Now Rosenbury is being criticized by others connected to the Levin College of Law for such public criticism of her colleagues, who though not specifically named can be identified by their positions.
“The UF Levin College of Law and the University of Florida should be embarrassed that the Dean of their law school publicly calls out and identifies one of her own students and faculty members with the borderline slanderous accusation of sexism, against two of the most well-respected, tolerant and unprejudiced people at the school,” Michael Balducci, an alumnus and former Florida Law Review executive editor, wrote in a Facebook post.
Rosenbury said she has heard similar pushback from others.
***
Rosenbury said the last part of the article was to say she still encountered implicit gender bias as a dean, and while overt bias Frug had faced during her life has lessened with time, bias based on one’s identity still exists. In hindsight, she said she could have made the point in a way that avoided any embarrassment to the student.
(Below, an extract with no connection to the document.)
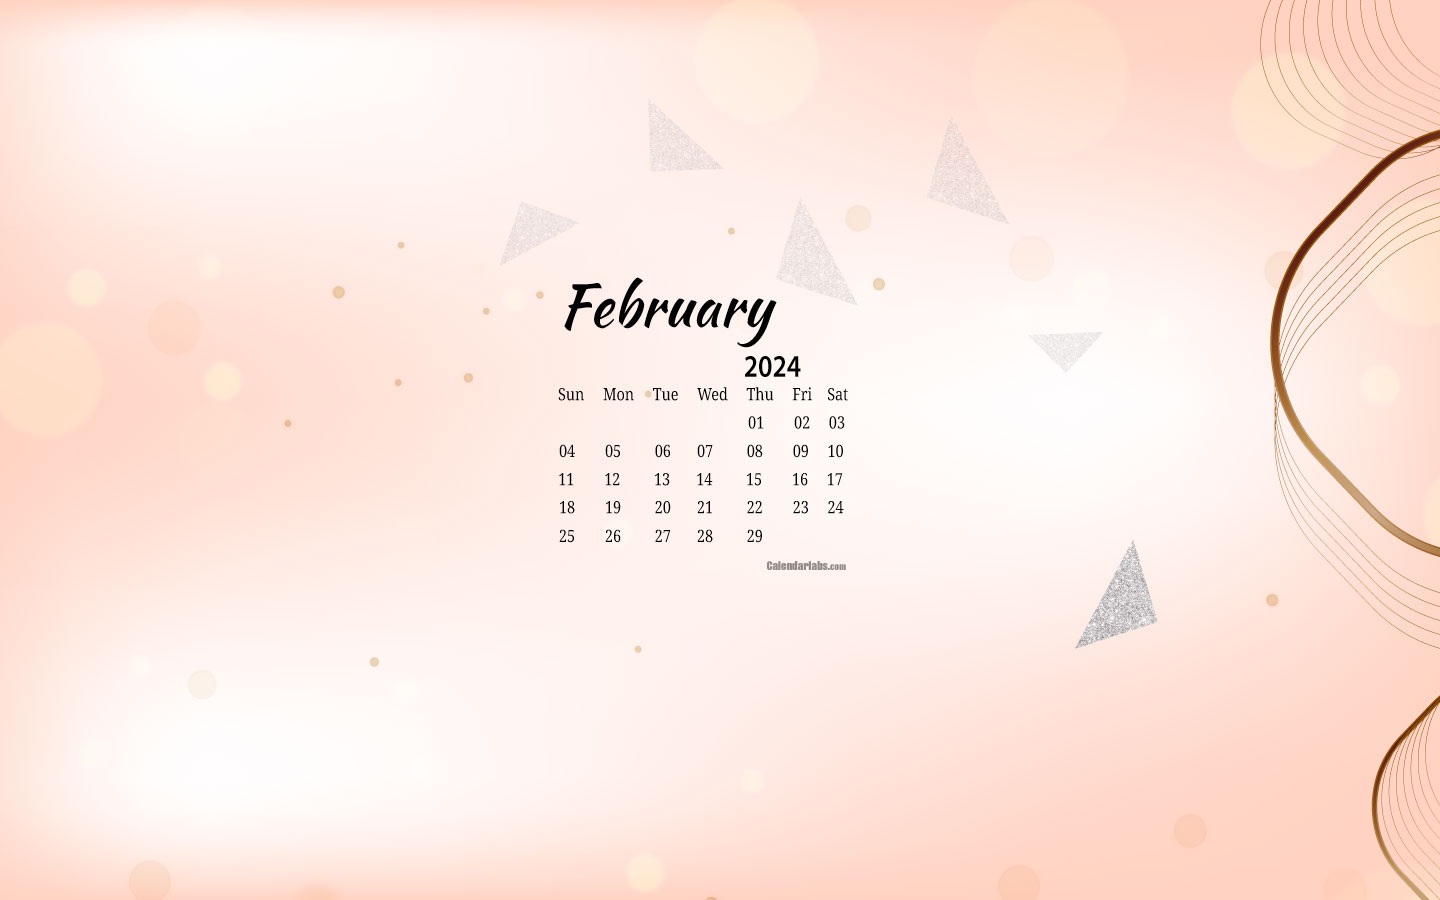 February 2024 Desktop Wallpaper Calendar - Calendarlabs | Template Calendar Labs 2024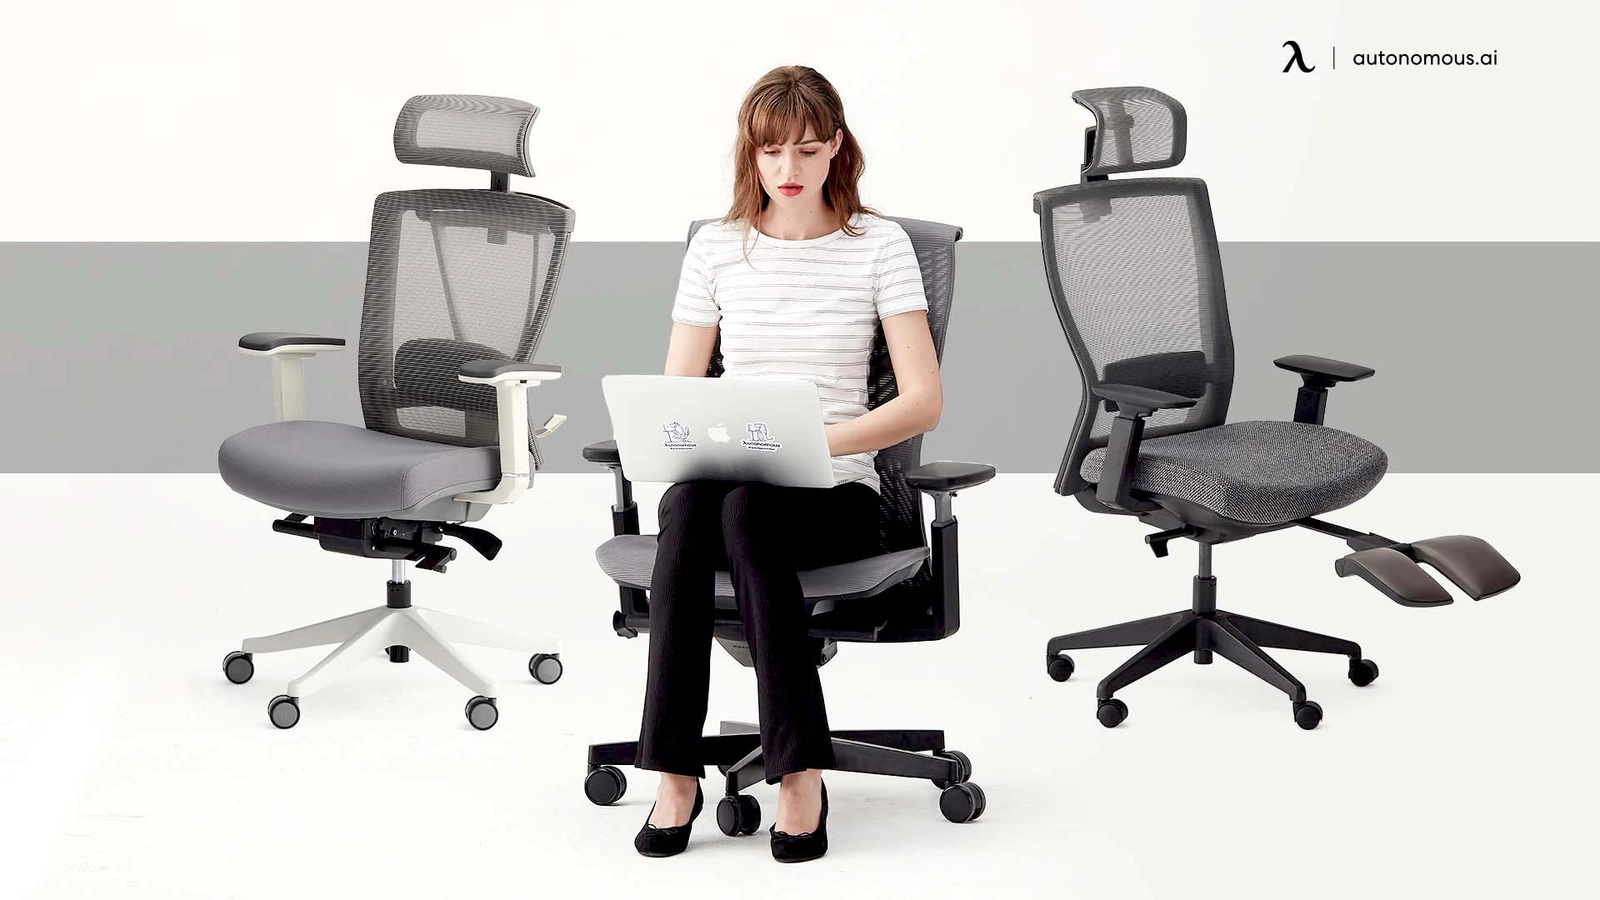 Autonomous Ergonomic Chair Sale - Best Office Chair Deal

“I think it’s good that people are talking about implicit bias in the legal profession,” she said. “I hope, though, that we can find more productive ways of talking about it.”
She’s been traveling the past week, but she plans to apologize to the student and faculty adviser once she’s back at UF.
“I will certainly apologize if they think I was calling them sexist,” she said. “Certainly that was not my intent, and I want to apologize for that.”